Presence vs. Absence of DAI on Brain MRI: Percent Agreement
| Neuroradiologist 1 vs. Neuroradiologist 2 | Neuroradiologist 1 vs. Neuroradiologist 3 | Neuroradiologist 2 vs. Neuroradiologist 3 | |
|---|---|---|---|
| Positive percent agreement | 0.82 [0.75–0.88] | 0.75 [0.65–0.82] | 0.72 [0.62–0.80] |
| Negative percent agreement | 0.97 [0.96–0.98] | 0.97 [0.95–0.98] | 0.96 [0.95–0.97] |
| Overall percent agreement | 0.95 [0.93–0.97] | 0.94 [0.92–0.96] | 0.93 [0.91–0.95] |
DAI, diffuse axonal injury; MRI, magnetic resonance imaging; CI, confidence interval
Consensus review
Contusion
All 61 cases initially identified as containing contusion by three readers, all 13 of 13 cases initially identified by two readers, and most (9 of 14) cases initially identified by only one reader were agreed to contain a contusion at consensus review. Thus, very few (only 5 of 27) cases of non-unanimous initial interpretation for presence of brain contusion were determined not to contain a true contusion upon consensus review.
Diffuse axonal injury
All 44 cases initially identified as containing DAI by three readers, 12 of 13 cases initially identified by two readers, but few (6 of 30) cases initially identified by only one reader were determined to contain DAI at consensus review. Thus, most (25 of 43) of the cases of non-unanimous initial interpretation for DAI were ultimately agreed not to contain DAI at consensus review.
Traumatic axonal injury
All 18 of 18 cases initially identified as containing TAI by three readers, 24 of 28 cases initially identified as TAI by two readers and normal by one reader, but only 16 of 43 cases initially identified as TAI by one reader and normal by two readers were determined to contain TAI at consensus review. Thus, many (31 of 71) cases of non-unanimous initial interpretation for TAI were agreed not to contain TAI or DAI on consensus review.

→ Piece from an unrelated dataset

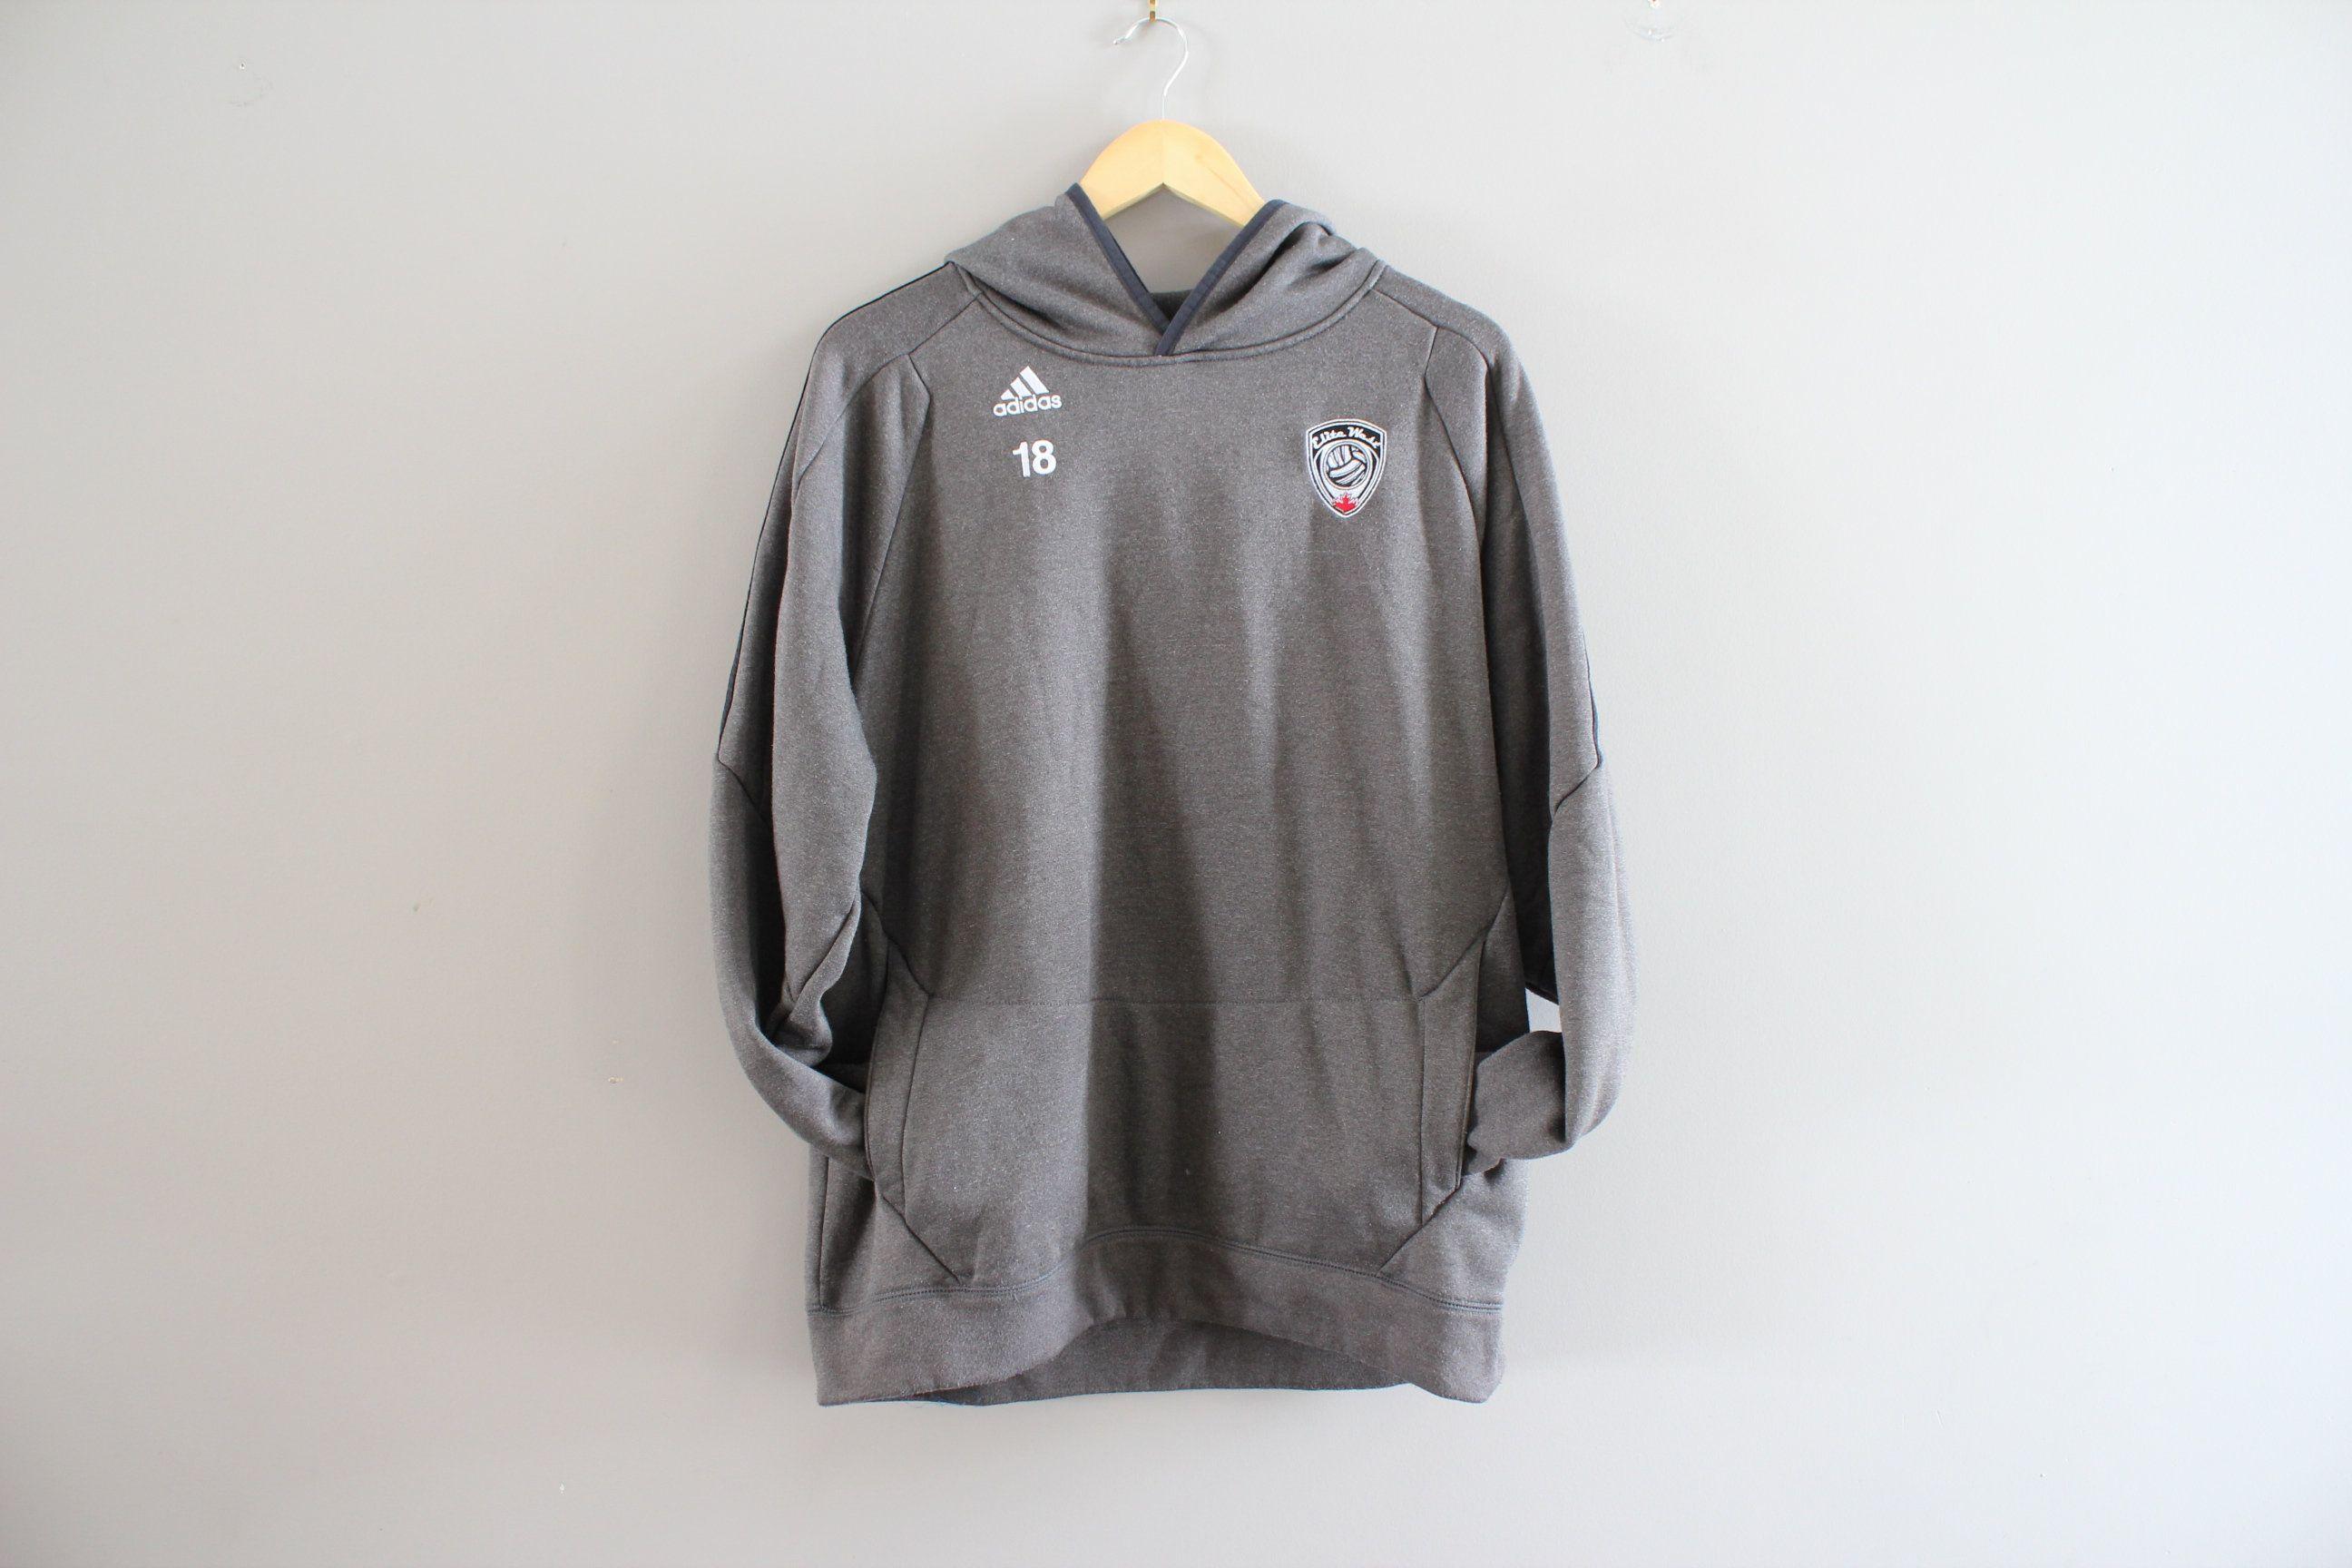 Adidas Sweatshirt Dark Grey Fleece Lining Cotton Adidas Hoodie Etsy Adidas Sweatshirt Adidas Hoodie Adidas Pullover [ 1728 x 2592 Pixel ]
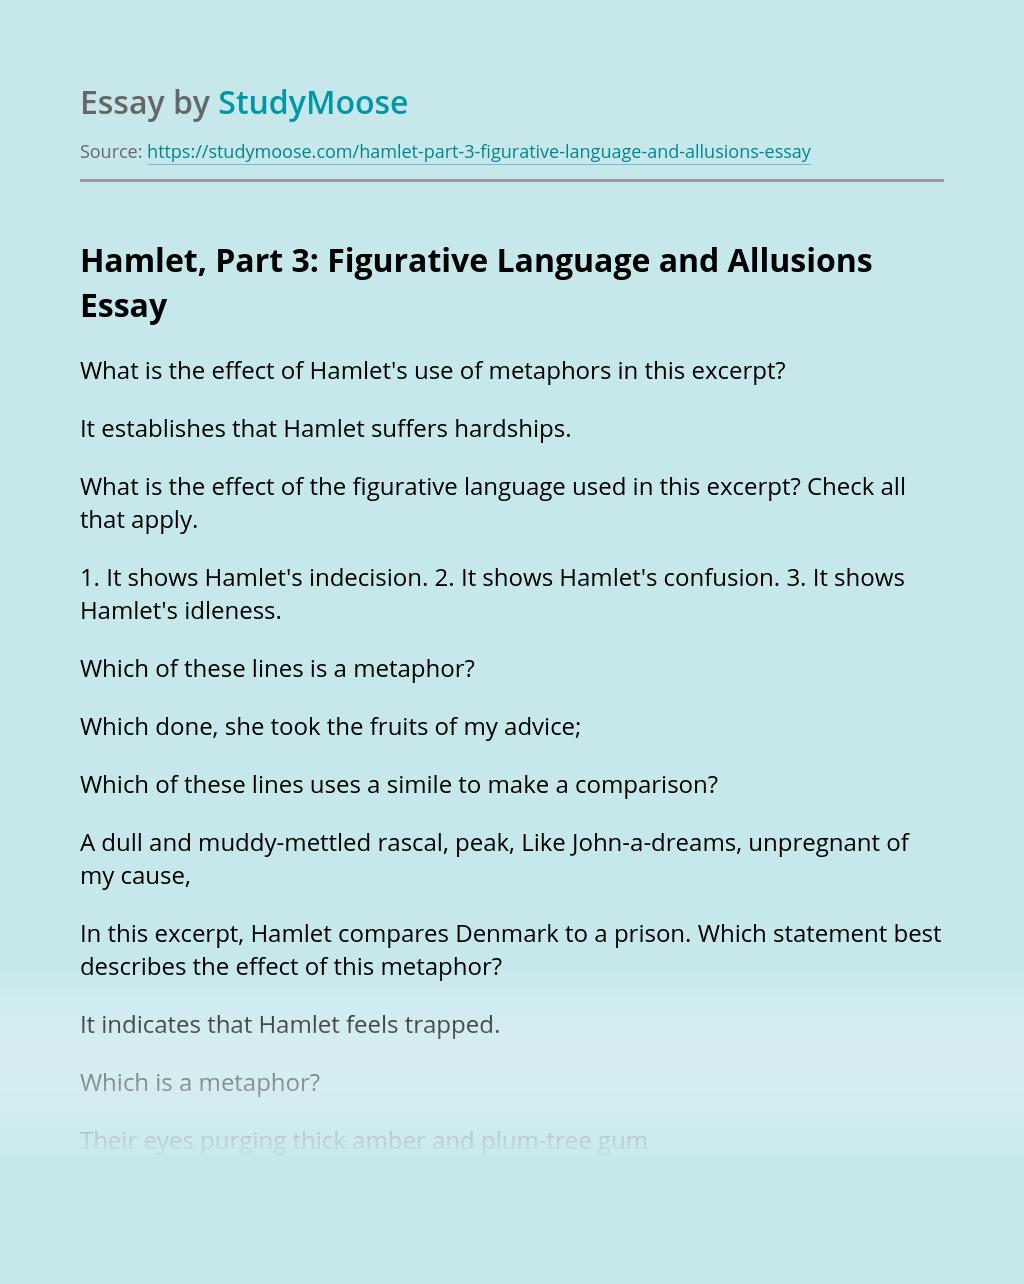 Hamlet, Part 3: Figurative Language and Allusions

After consensus review, the final per-exam prevalence of brain contusion was 16% (83 of 517 exams). For TAI, the consensus results were: one lesion on 9% (45 of 517) of exams, two lesions on 4% (20 of 517), three lesions on 2% (8 of 517), and at least four lesions confined to one lobe of the brain on 0.4% (2 of 517) of exams. The consensus per-exam prevalence of DAI (at least four lesions including lesions in more than one lobe) was 12% (62 of 517 exams). Thus, the per-exam prevalences of brain contusion (16%) and TAI (15.4%) slightly exceeded the prevalence of DAI (12%) in this mTBI population.
Discussion
In 2010, the NIH-NINDS published the first version of the TBI Imaging CDEs, consisting of standardized definitions of lesions in TBI,9,10 to satisfy “a need for a pathoanatomically based classification system for TBI if we are to successfully translate targeted therapies from the bench to the bedside.” This imaging-based classification scheme could be used throughout clinical research to enhance data quality and supplement the GCS, which, it was realized, was too crude an index of neurological injury severity, particularly for mTBI.
We found very high interrater agreement for presence of subacute brain contusion (PABAK from 0.92 to 0.94) on 2-week MRI. This is likely attributable to the high conspicuity and distinctive appearance of these lesions on T1-weighted images. Specifically, brain contusions (Fig. 1) generally demonstrate very high T1 signal in the 2-week subacute time frame, such that even tiny contusions well under 1 cm in size are often very prominent against the background low-to-intermediate T1 signal of the brain and cerebrospinal fluid. Subacute brain contusions are also often evident on T2, T2-weighted FLAIR, and/or T2*-weighted series, based on their T2 hypointensity in the early subacute time frame, T2 hyperintensity in the late subacute time frame, and peripheral rim of low signal on T2*-weighted images.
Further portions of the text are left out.